Every year, I anticipated the torment I’d experience and the self-doubt crept into other areas of my life. In years where I was supposed to be “finding myself,” I was actually “losing myself.” My mom quickly enrolled me in karate and made sure she knew I’d still be loved if I had to defend the jerky girls trying to make me feel like an outcast.

Our children are just starting to figure out who they are and now there are kids telling them that what they’ve chosen isn’t right?! WHOOF. It’s high stakes these days and as a mom of impressionable girl minds, I make sure they know that who they are is enough for me and it should be enough for them. No one has the right to tell them otherwise. I encourage you to do the same. Save them from the inevitable school drama by allowing your kids to feel safe and accepted when they knock on home’s door, regardless of who tries to knock them down. Making fun of me, Rizz?

4. Preparation is KEY

Ferris Bueller’s Day Off: (1986)

Take it from the master in fun, Ferris Bueller, that a well-executed plan is the key to success. As parents, I think we can take notes from this one that no matter how prepared we feel for the school year, our kids will still be unshakeable and un-wake-able at the sound of their alarm, they will still mope around the house as time ticks away before the bus comes, and they will forever be in a summer state-of-mind.

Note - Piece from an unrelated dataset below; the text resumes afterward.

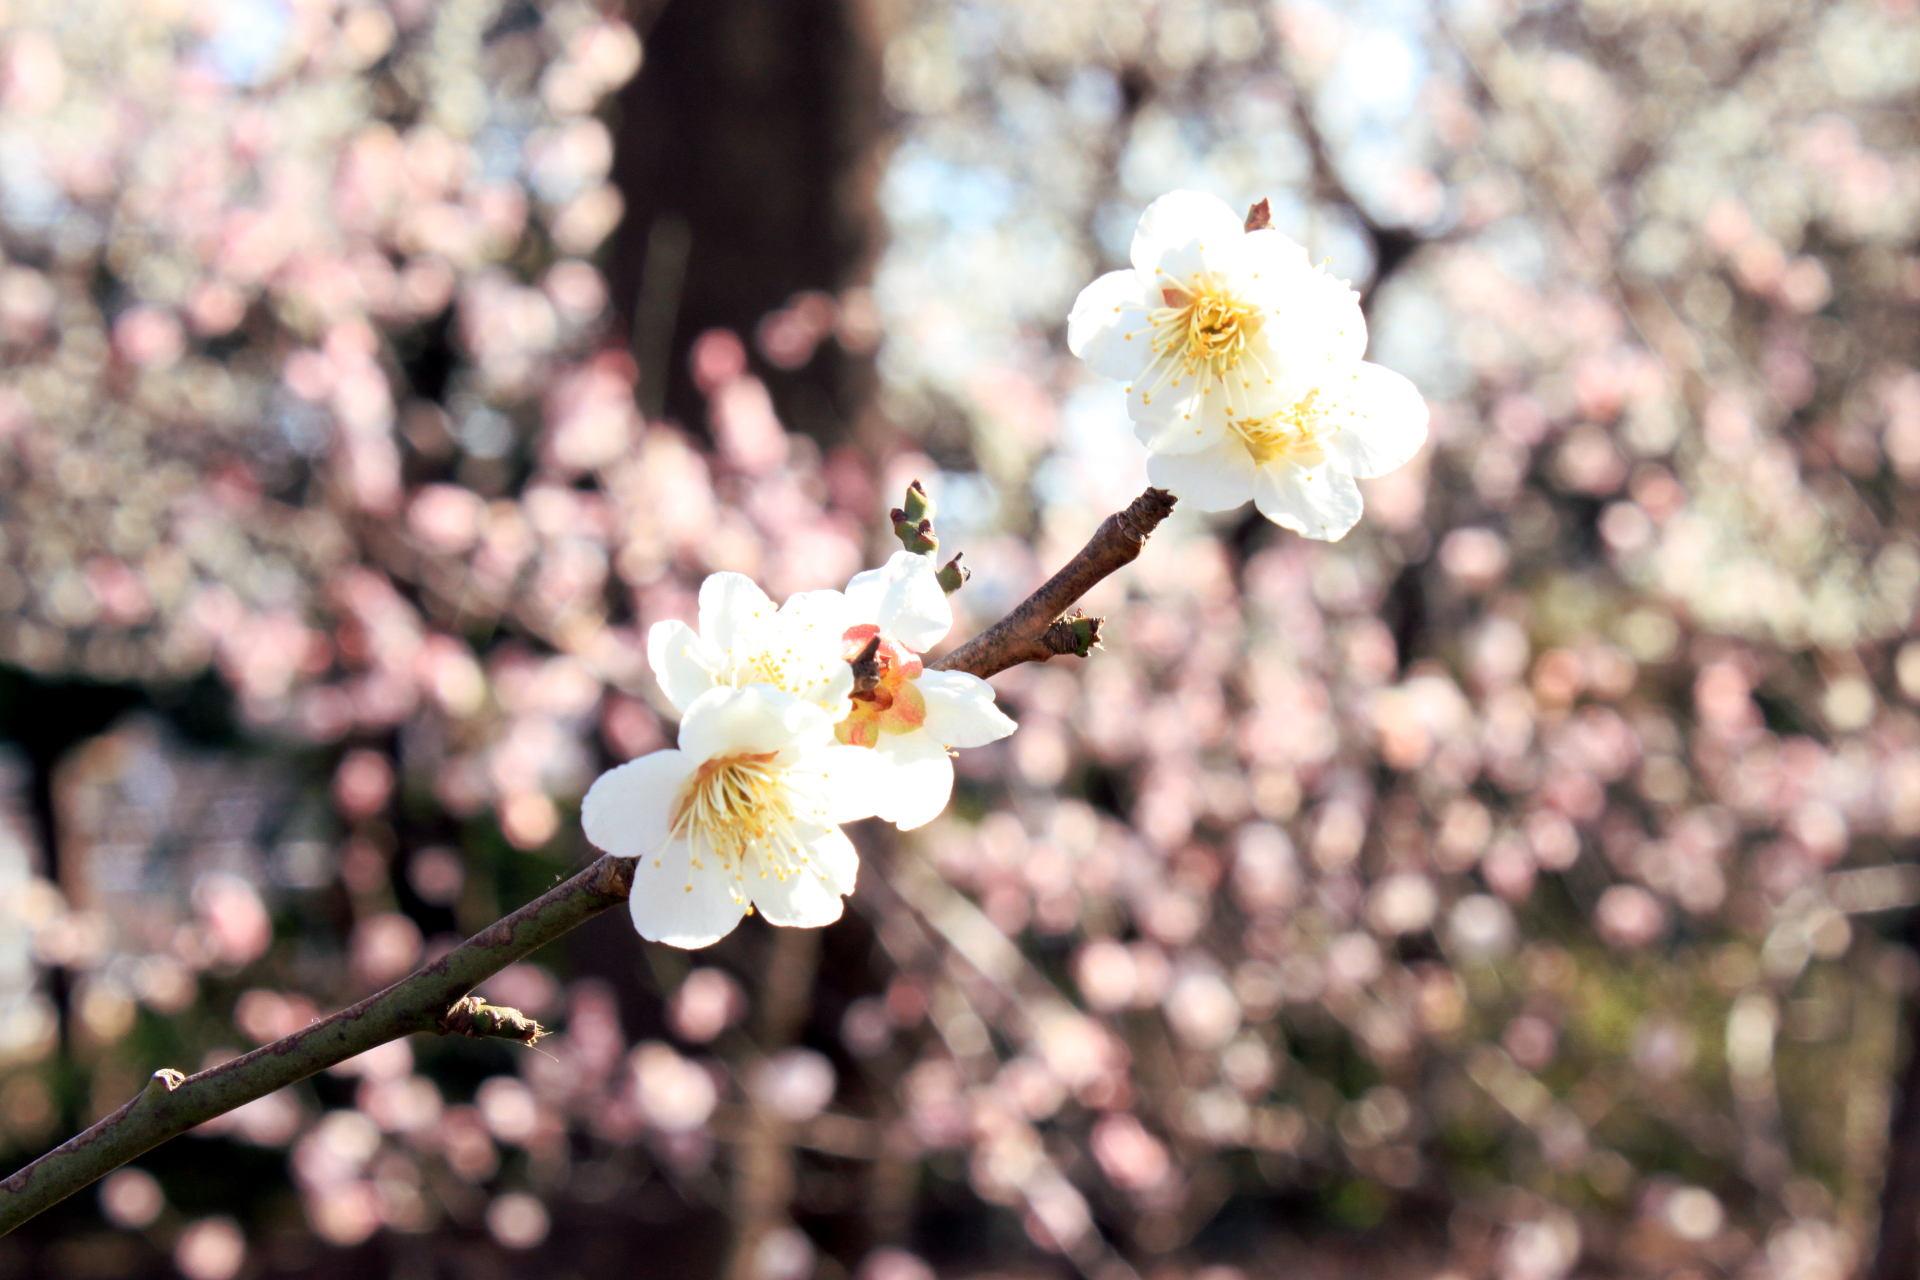 tokio japonia plumblossom kwitnacasliwka tokyo japan park kwitnacawisnia kwiaty cherryblossom hanami sakura springinjapan wiosnawjaponii iglawpodrozy

They’ll pull every trick in the book to prolong the days past. Long gone are the days of sleeping in, pool-time, naps, and late nights. Truly, though, I wish occasionally, that I would regain the sense of wonderment and fun our children seem to perpetually exhibit. Instead of marching and yelling behind them as they stumble around those first few early mornings, avoid the drama altogether and remember that childhood years are fleeting. “Life moves pretty fast. If you don’t stop and look around once in a while, you could miss it.”